A modified method for preparation of partially and highly purified glutamate decarboxylase from E. coli str. 600 was developed. Cell disruption was achieved by brief autolysis (6 hours at 37 degrees C). Residues of nucleic acids and acidic proteins were removed by means of streptomycin sulfate that replace protamine sulfate. The use of modified ion-exchange chromatography and improved monitoring of enzyme elution from DEAE-cellulose columns helped to prepare highly purified glutamate decarboxylase, the crystallization stage being omitted. Preparation of partially and highly purified enzyme with specific activities of 6,000-14,000 and 20,000-35,000 microliter CO2/10 min/mg protein, respectively were obtained.

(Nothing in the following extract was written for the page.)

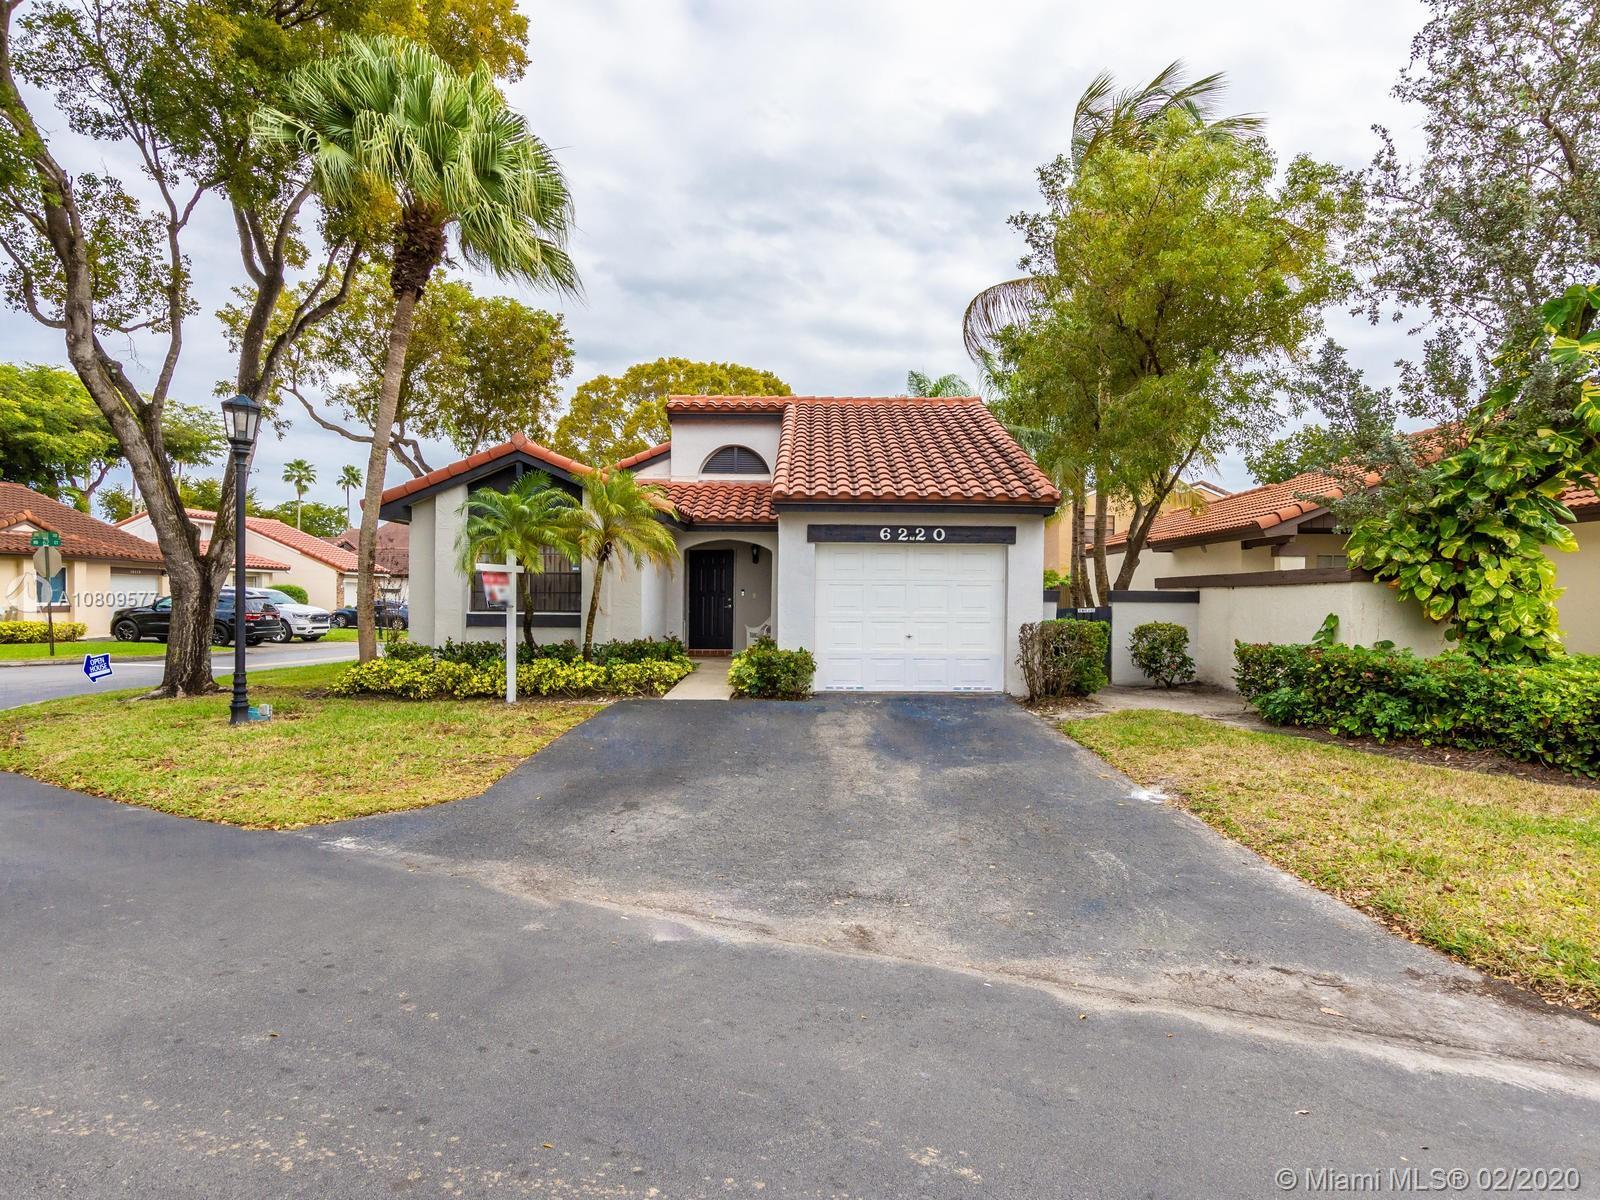 6220 NW 181st Ter, Hialeah, FL 33015 - Hialeah, FL real estate listing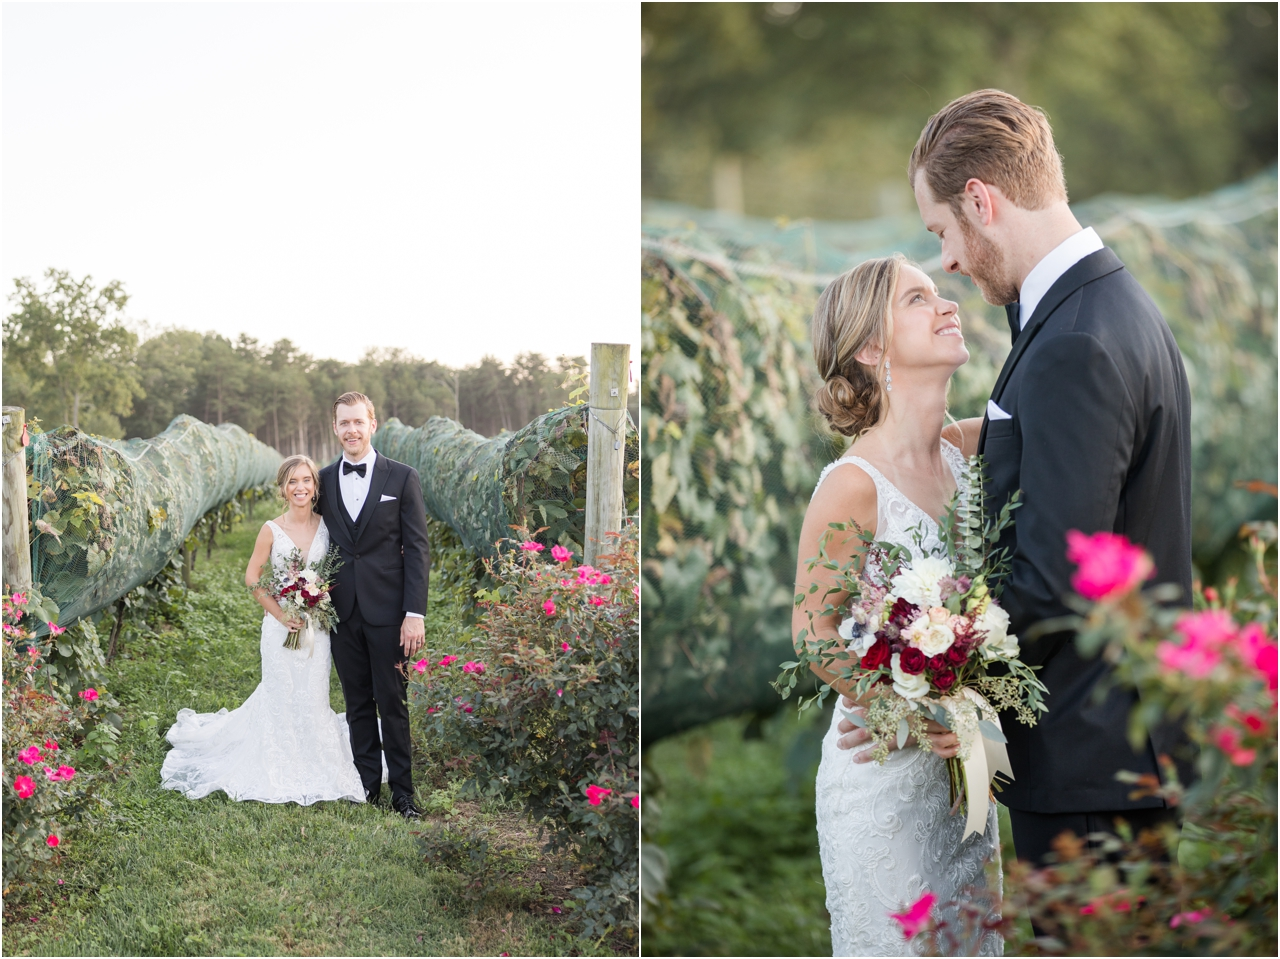 Bull_Run_Winery_Wedding_024

[Substrate specificity of E. coli glutamate decarboxylase]. / Substratnaia spetsifichnost' glutamatdekarboksilazy E. coli.

Interaction of highly purified E. coli glutamate decarboxylase with a number substrate analogs was studied. Decarboxylation of the following amino acids was demonstrated: gamma-methylene glutamate, threo-beta-hydroxyglutamate, allo-gamma-hydroxyglutamate, threo-beta-methylglutamate, homocysteate, aminoadipate and cysteinesulfinate. The Km and either Ki or I50 values were determined for these compounds. The final products of the interaction of glutamate decarboxylase with these analogs have the same absorption spectra and capacity for reactivation by pyridoxal-P, as has the pyridoxamine-P form of the enzyme. Thus, decarboxylation of all the amino acids, mentioned above, was probably associated with the side reaction of transamination to coenzyme in the active center. Binding of aliphatic dicarboxylic acids or of valeric acid by glutamate decarboxylase leads to a slight shift of absorption spectra and of circular dichroism spectra from 420 to 423--425 nm. The following compounds fail to be bound and decarboxylated by the enzyme: gamma-aminobutyrate, D-glutamate, L-glutamine, 3,3-dimethylglutarate, methioninesulfone, methioninesulfoxide, norvaline, gamma-hydroxy-gamma-methylglutamate, erytro-beta-methylglutamate and erythro-beta-hydroxyglutamate.